Taking a quick break from the AoIR 2015 liveblogging at snurb.info: today’s presentation by Fabio Giglietto, Luca Rossi and Jiyoung Kim got me thinking. They built on a paper by Stefan Stieglitz and me which compared some basic properties of a large number of hashtag datasets (and some keyword-based datasets, too), and used these to classify different hashtag uses (mainly distinguishing between crisis events and media audiencing).

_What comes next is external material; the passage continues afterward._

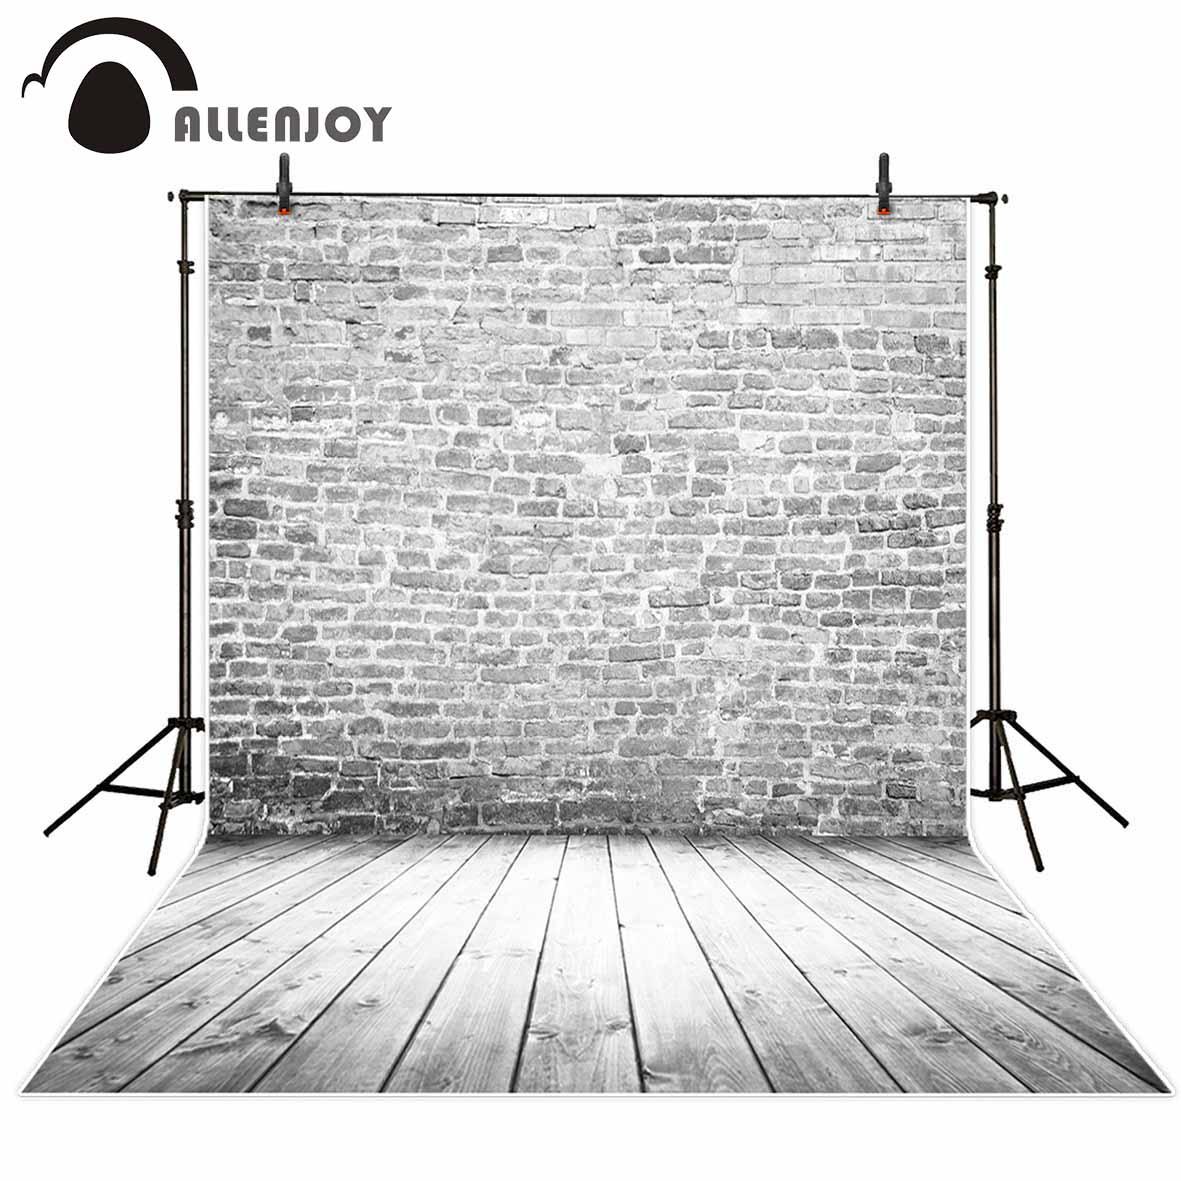 [해외]Allenjoy 사진 배경 흑백 필름 벽돌 벽 빈티지 클래식 세로 배경 photobooth 신생아 원래 디자인/Allenjoy photo backdrops Black and white film brick wall vintage classic portrait ba

Back then, we looked at the percentage of tweets containing URLs, and the percentage of tweets that were retweets, as well as the total number of tweets in each dataset:
From: Axel Bruns and Stefan Stieglitz. “Quantitative Approaches to Comparing Communication Patterns on Twitter.” In Klaus Bredl, Julia Hünniger, and Jakob Linaa Jensen, eds., Methods for Analyzing Social Media. 20-44.
I’m keen to update that study with new data from more recent hashtags, and we’ve already started to work through our own archived datasets to generate further metrics. But our datasets are limited to the research interests we’ve pursued over time, and to Australian and international topics.
So, I’m wondering whether we could build this up to a much larger collection by taking a collaborative, crowdsourced approach: if anyone else out there has Twitter datasets from the past few years, could you run a handful of quick analyses over your archives and share the results? What we’d need are:
- Hashtag(s) or keyword(s) used to capture the dataset
- Timeframe of capture (from/to date)
- Total number of tweets
- Total number of tweets containing URLs – using the regular expression /http/
- Total number of tweets containing retweets – using the regular expression /(\”@|RT @|MT @|via @)[A-Za-z0-9_]+/
You could leave those details in the comments attached to this post, or email them to me at a.bruns(at)qut.edu.au.
This is an experiment, in the spirit of AoIR collegiality. Would anyone be interested in sharing the metrics for their datasets? In return, I’d be very happy to include you as a contributing author in the paper we’ll eventually develop from this. Thanks in advance!